Subject Re: [IBO] Unable to Edit/Save BLOB Text with IBO + Infopower (they referred me here)
Author Helen Borrie
At 02:57 PM 26/01/2004 -0800, you wrote:

>The BLOB Text segment size was set at 15 not 80. I was using a FB manager
>which
>I guess created a Domain with a default size of 15?

Goodness knows why. The segment size really doesn't matter in DSQL. Just
don't define one at all unless you plan to write ESQL applications. It
will be 80 bytes by default and FB will ignore it anyway. IBO streams
blobs and the server decides, all by itself, what size segment to store,
regardless of *what* is defined in the domain. (But I'm curious why you
have to guess this - don't you have a way to look at your metadata?)

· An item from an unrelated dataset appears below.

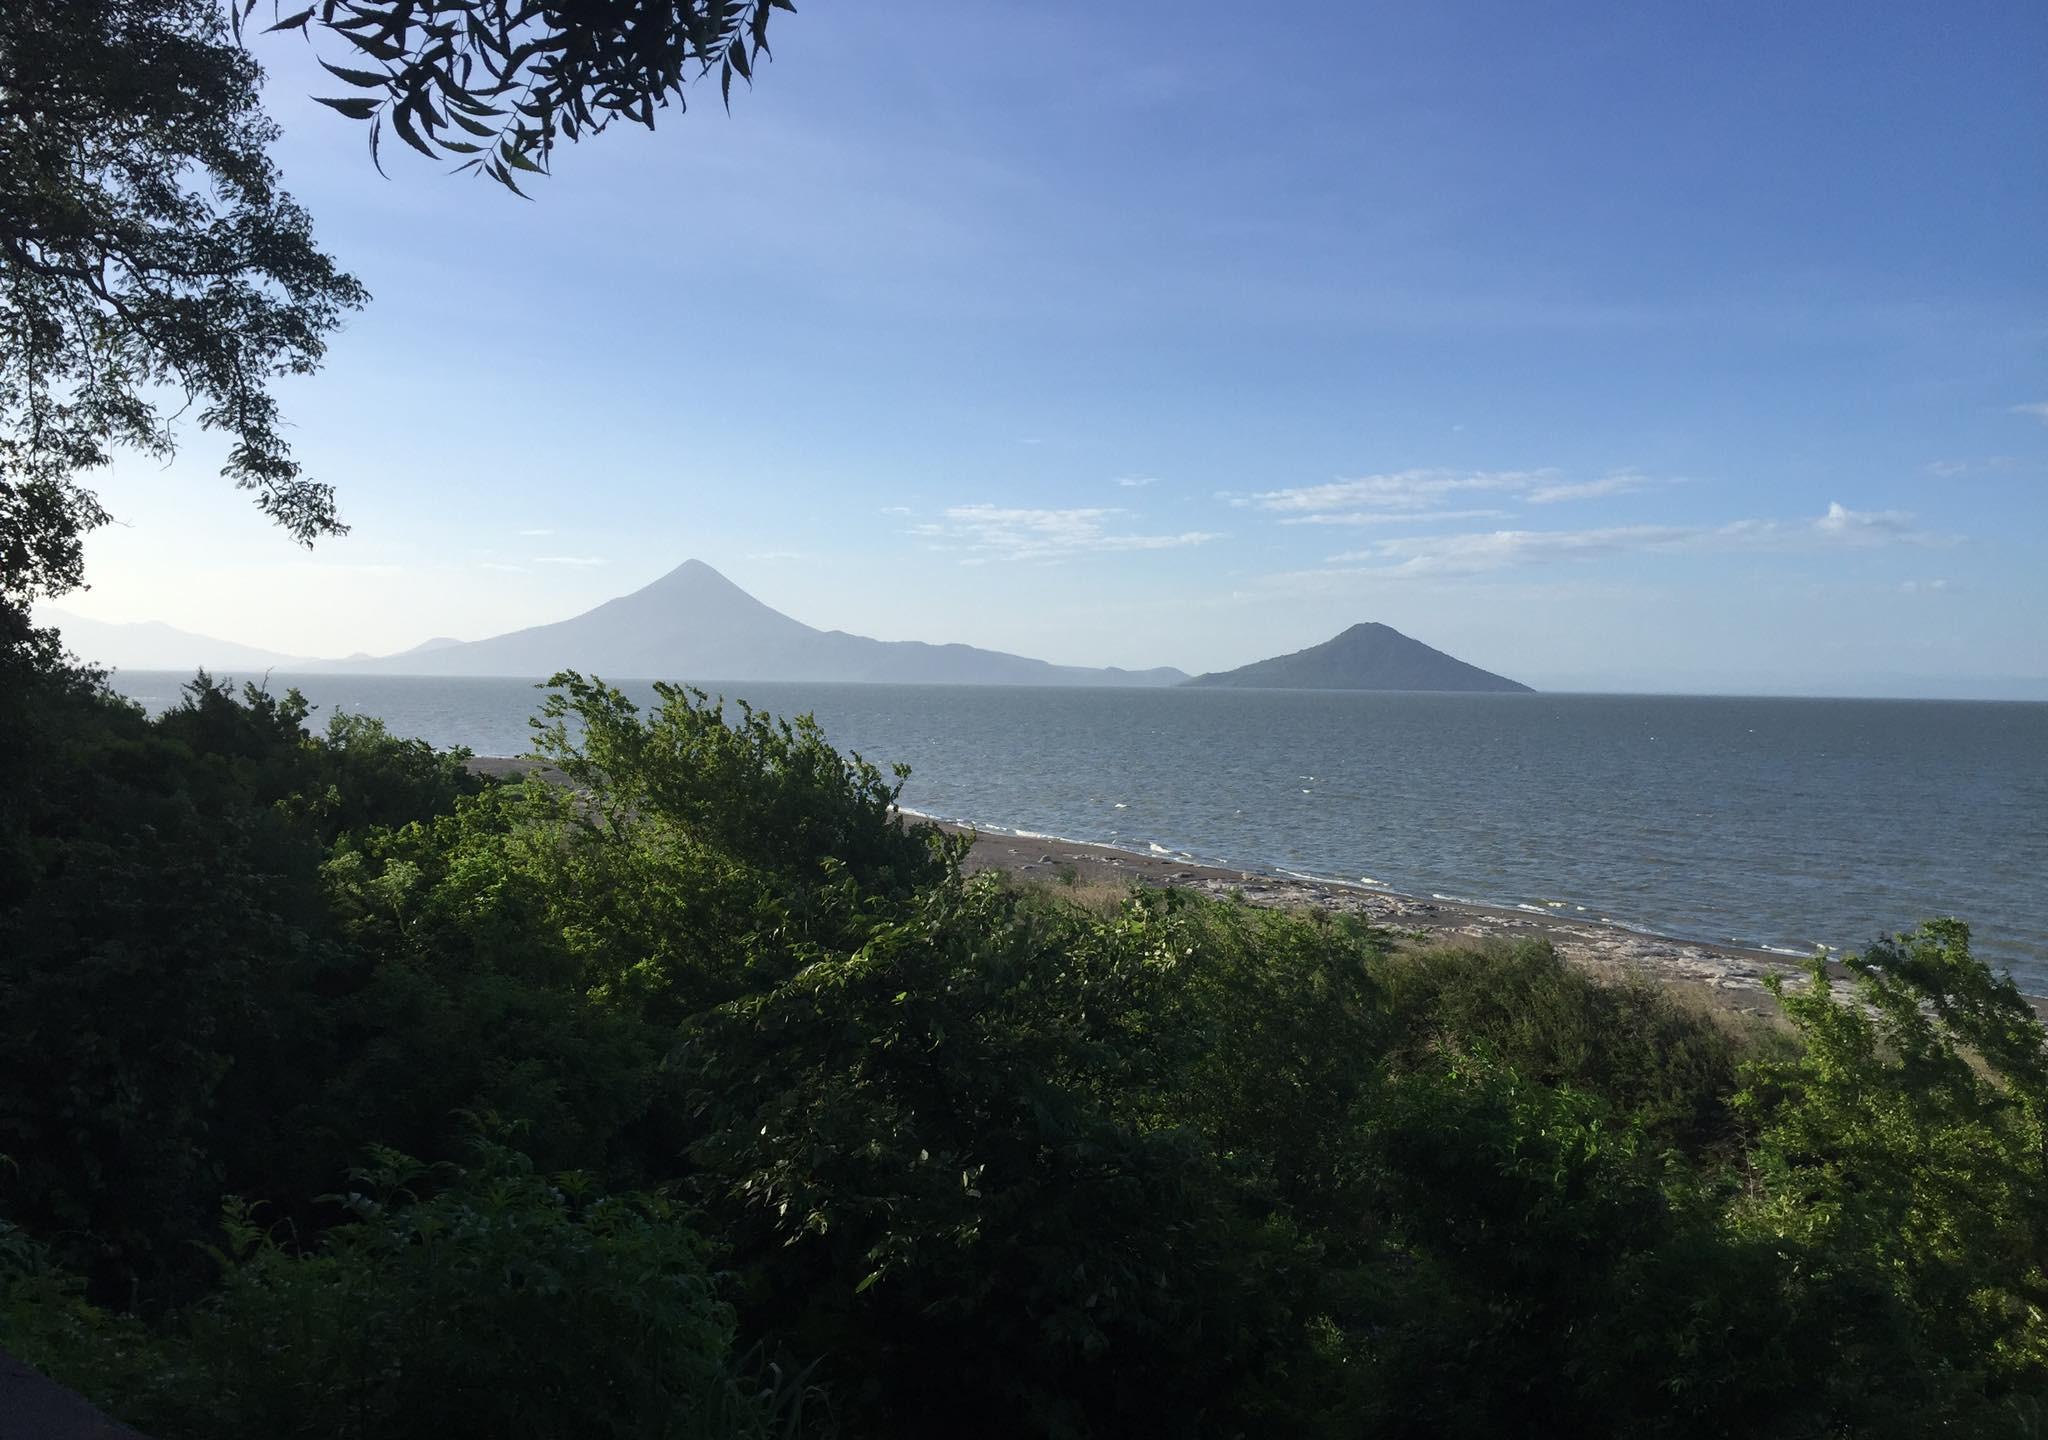 Nicaragua, land of volcanoes & lakes

>Anyway, when changing that,
>suddenly, I could start editing and saving edits to text blob fields again.
>That's it. I knew it was something basic!
>
>Also, Daniel, when I was trying to set up a demo for you, I kept running into
>problems with creating a DB with charset of WIN1251 and something about
>Firebird.msg/truncating data, etc. I changed back to charset of NONE (in other
>forum messages this was said to be incorrect? i.e. one should always
>define the default charset.) and that solved that problem.

Well, it only solves the problem if you don't need to care about character
sets (as I don't when writing quick and dirty demos). You're getting these
transliteration messages because you defined WIN1251 as DEFAULT CHARACTER
SET WIN1251 for the database but ignored the character set attribute at the
client. You have to set that in your TIB_Connection's CharSet property, to
match the db's default charset.

> I noticed in Helen's demo and
>likewise in the FB QSG, that there is no default charset set when creating a
>database.

NONE is a character set. When you do CREATE DATABASE and don't include a
DEFAULT CHARACTER SET clause, it defaults to NONE. NONE will accept any
streams of bytes and treat them all as one-byte characters. The only
characters it "knows about" are the US ASCII set, so it has no mappings to
uppercase or match characters that are outside that set. That's why you
have to have a default character set just about anywhere in the world
except the USA (where people often don't care about correct spelling of
foreign names, etc.) and maybe Australia (where I've noticed a similar lack
of concern to spell foreign names correctly).